Friday 8 November 2013

Dead-Guy Politics

It's often hard to be an American....occasionally explaining to some German or sorts....on how we had an election in some town, and the dead candidate won.  It's even harder....to explain how dozens, perhaps hundreds, and maybe even thousands of dead folks vote in regular elections.

This week....based on news reports....there's at least two candidates for small-time offices who won, yet they are dead (passed-on, as we say in Bama).

Yeah, the voters knew it.  This had been printed up in the regional newspapers, and if you read them.....you'd know that "Joe" was dead.  The general problem is that no one in either party wants to invent some rule where the political party steps in and selects a last-minute replacement....who immediately loses the race.

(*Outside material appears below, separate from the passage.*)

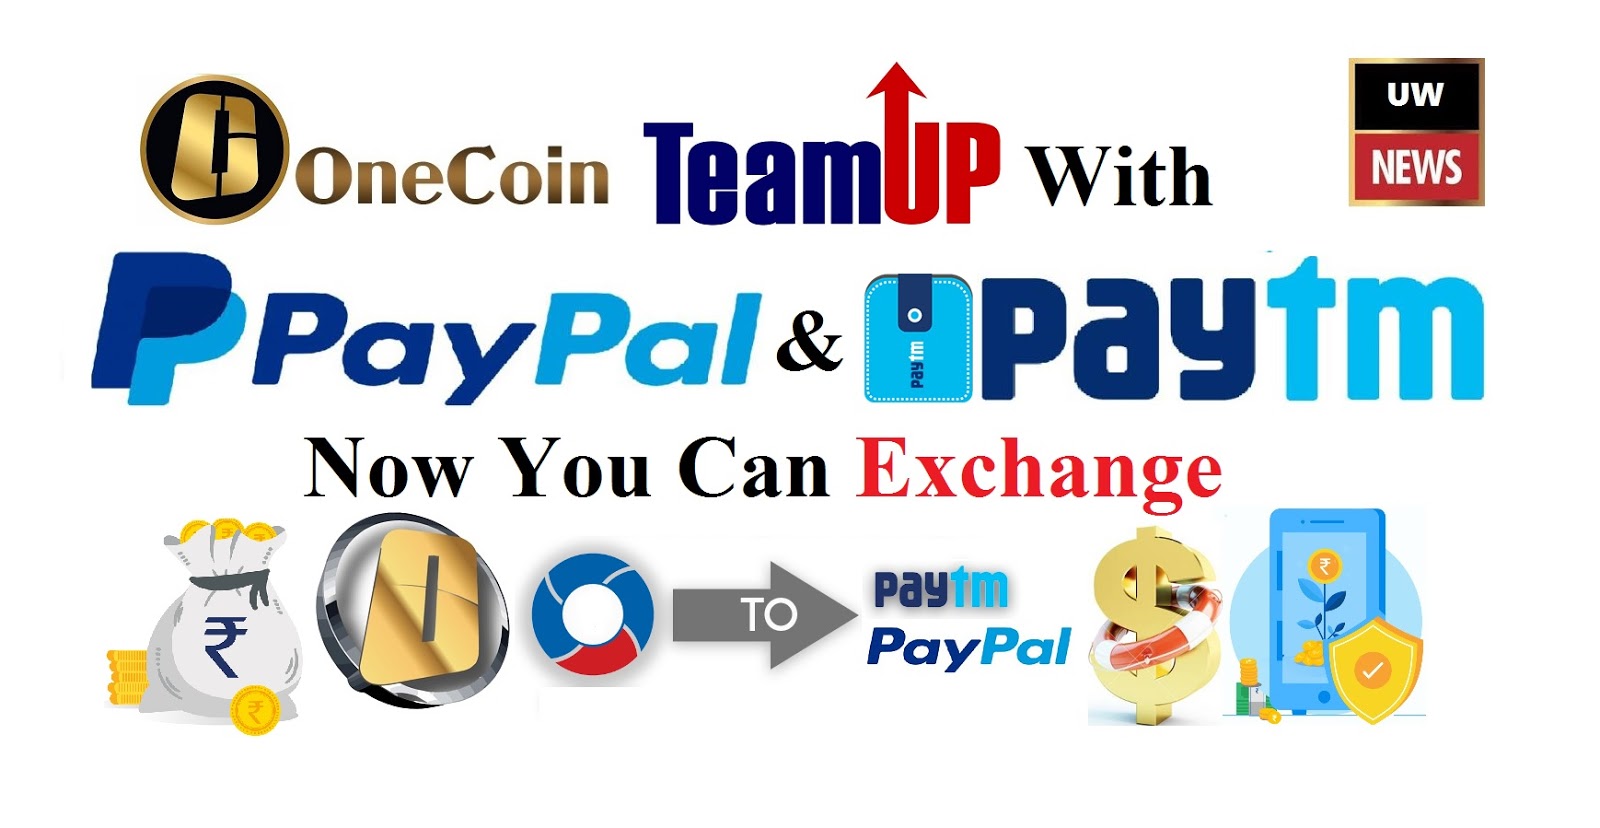 OneCoin Teamed Up With PayPal and Paytm Now You Can ...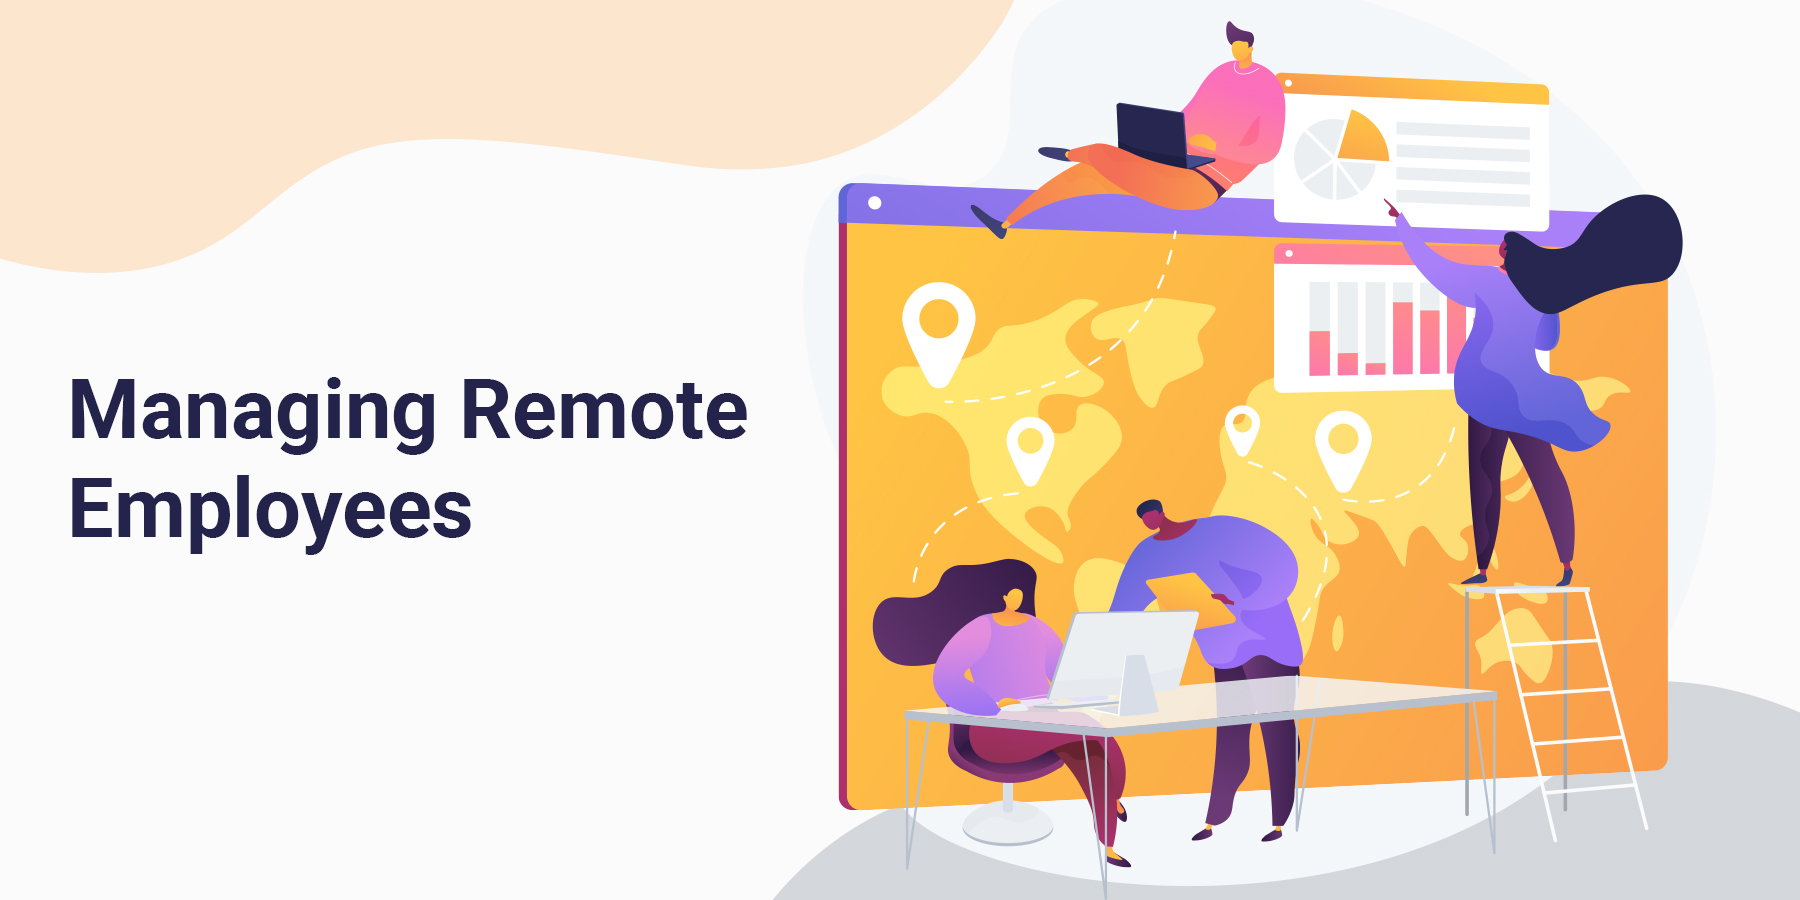 Ten Best Tips for Managing Remote Employees

Naturally, there are rules where the dead guy can't occupy the office....so the county commission, the mayor, the governor....etc....picks some temporary replacement, and they run up another election in less than twelve months.

Dead-guy politics are difficult to figure out.  If there's a week left in the election....it's hard for any newspaper to come up and criticize a dead guy, his record, or his personal habits (boozing it up, gambling in Vegas, trailer-trashy women, missing neighbors, bar fights, corruption, real estate deals with fake companies, etc).

Once you are passed-on as a political candidate....it's pretty clear sailing.  Even your opponent can't say much against you.

Politics usually involves flip-flopping around....course, for a dead guy running for office, there's no more flip-flopping.  Positions are iron-tight at this point.

You'd think a third-party candidate would suddenly get a bunch of votes, and things might get more interesting, but that never happens.

So onward goes an American tradition.  Dead-guys can win an election.  Dead voters can determine close elections.  And it's all part of being a Republic....sadly.